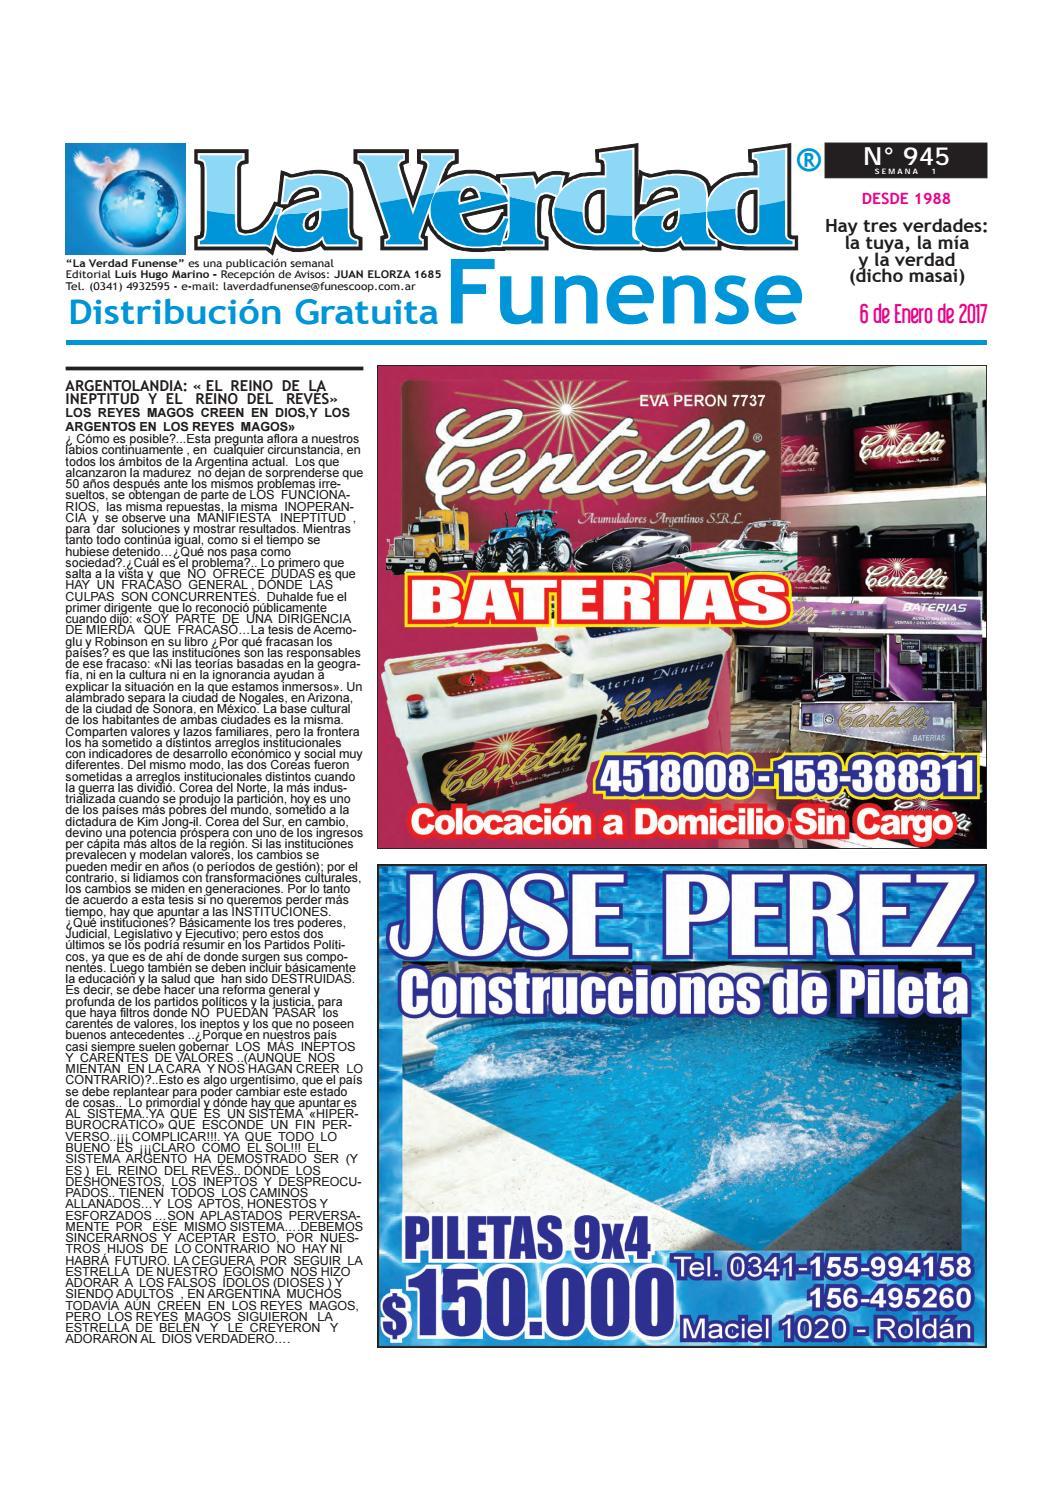 945 06 01 by La Verdad Funense - issuu 2e7ec6d940e3
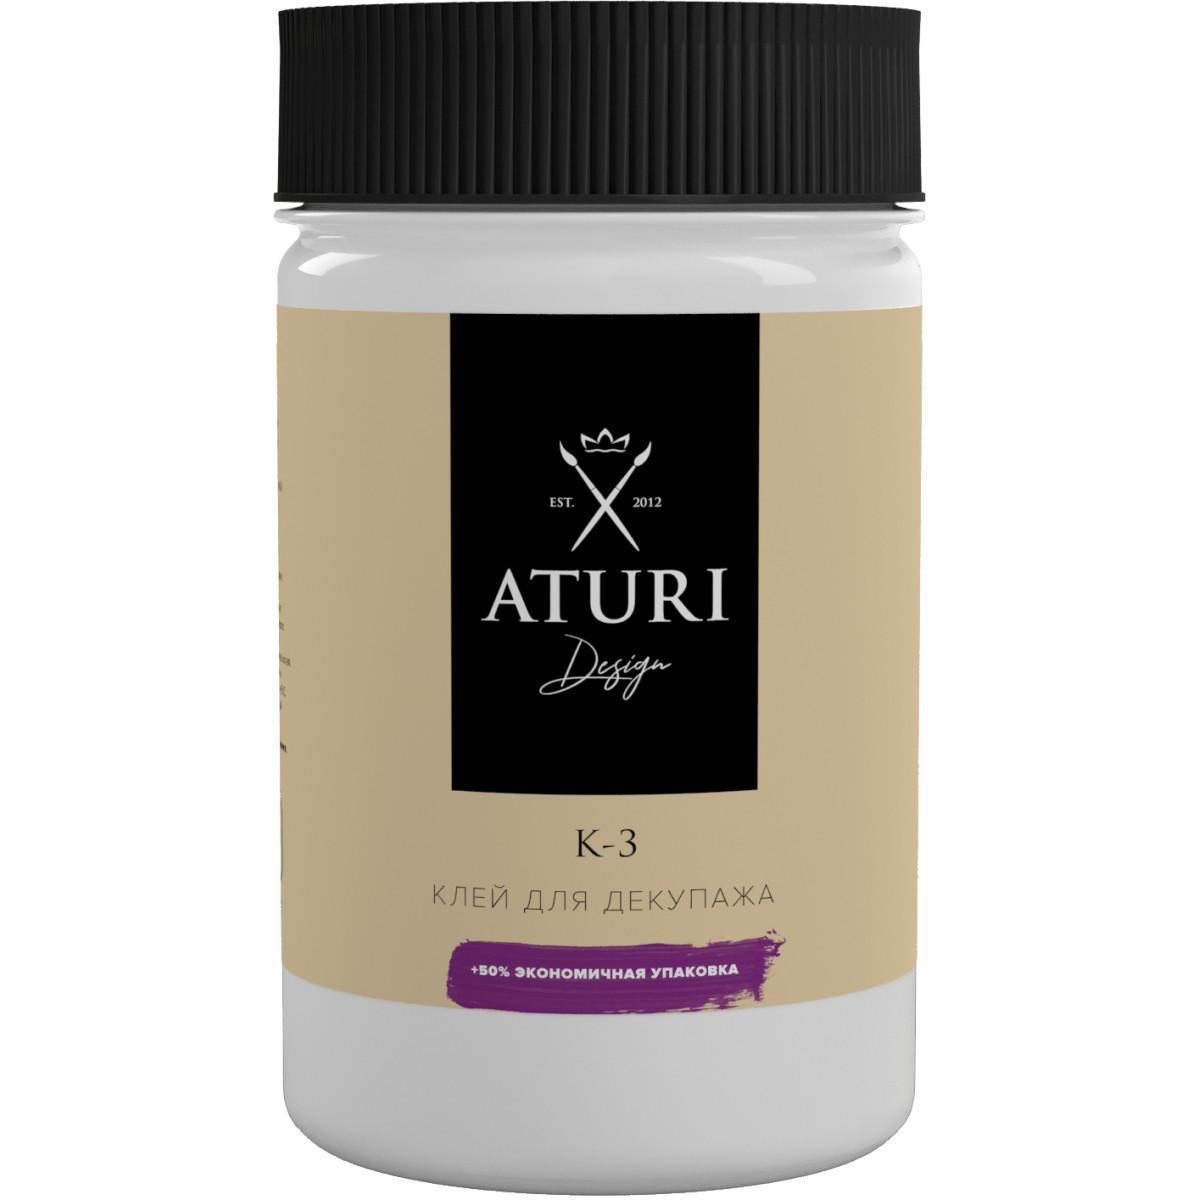 Клей для декупажа Aturi Design K-3 250 г
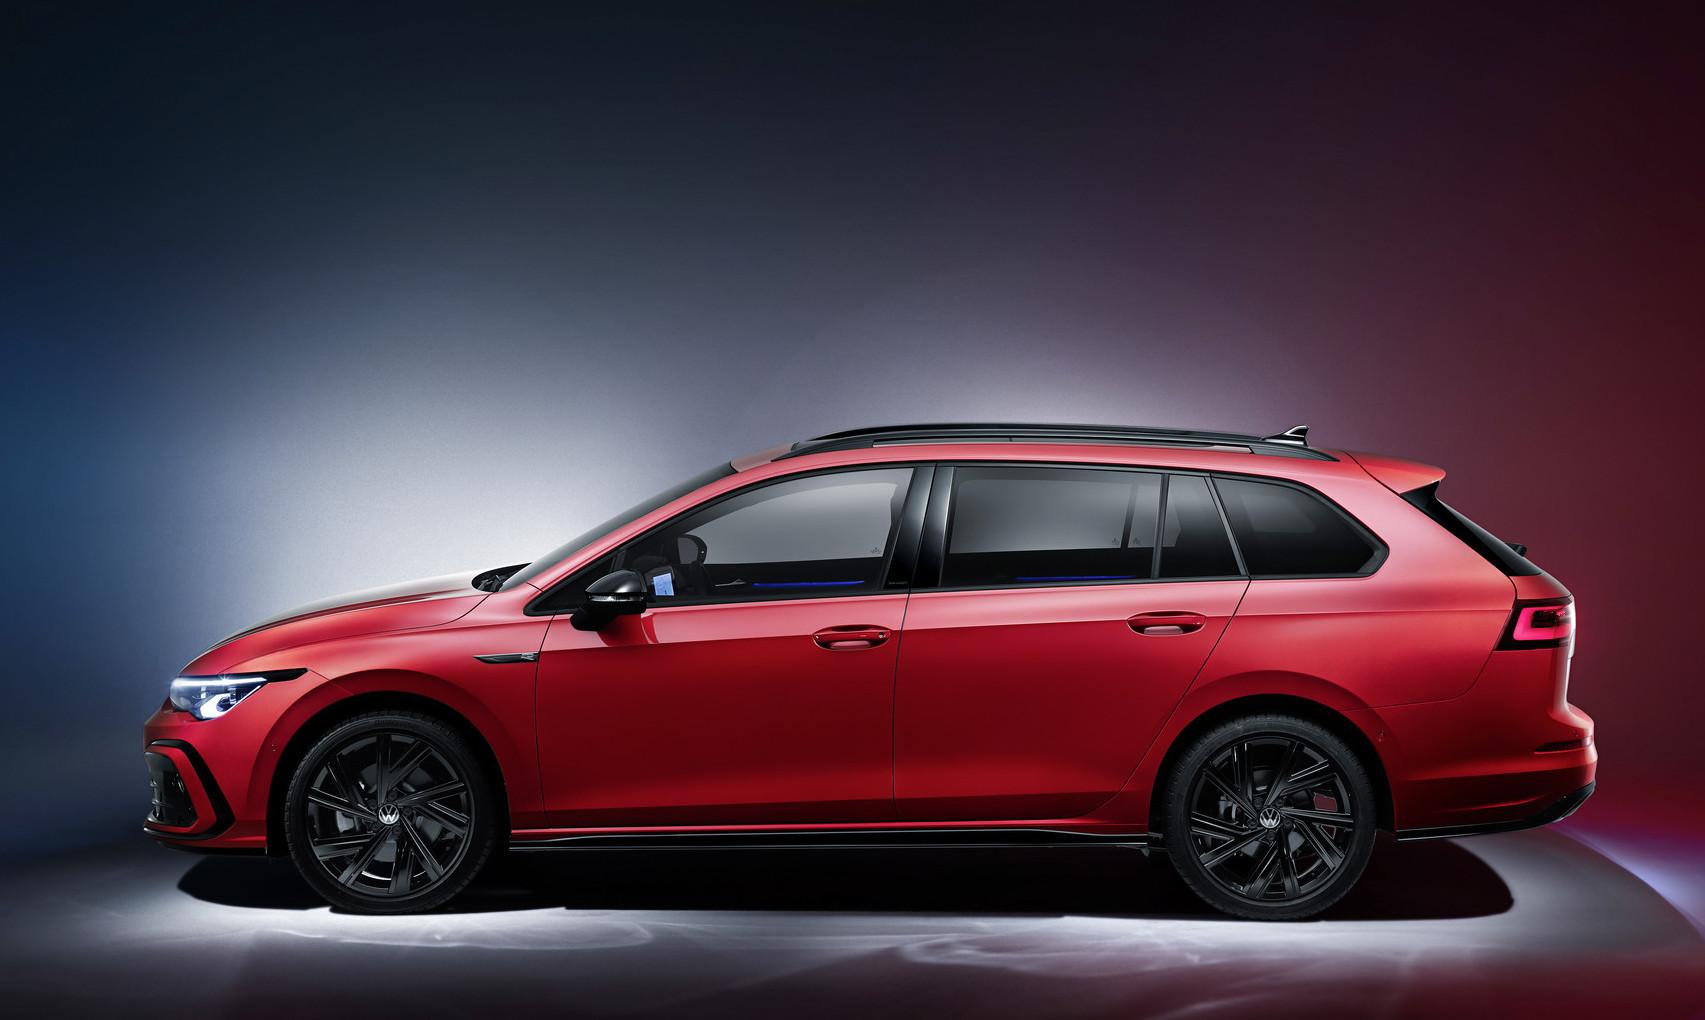 Dimensioni di nuova Volkswagen Golf Variant

■ ■ ■ ■

> Your objective: Print the full listing again exactly, and drop every image from it.

> Output of the task:
 945 06 01 by La Verdad Funense - issuu 2e7ec6d940e3
 Клей для декупажа Aturi Design K-3 250 г
 Dimensioni di nuova Volkswagen Golf Variant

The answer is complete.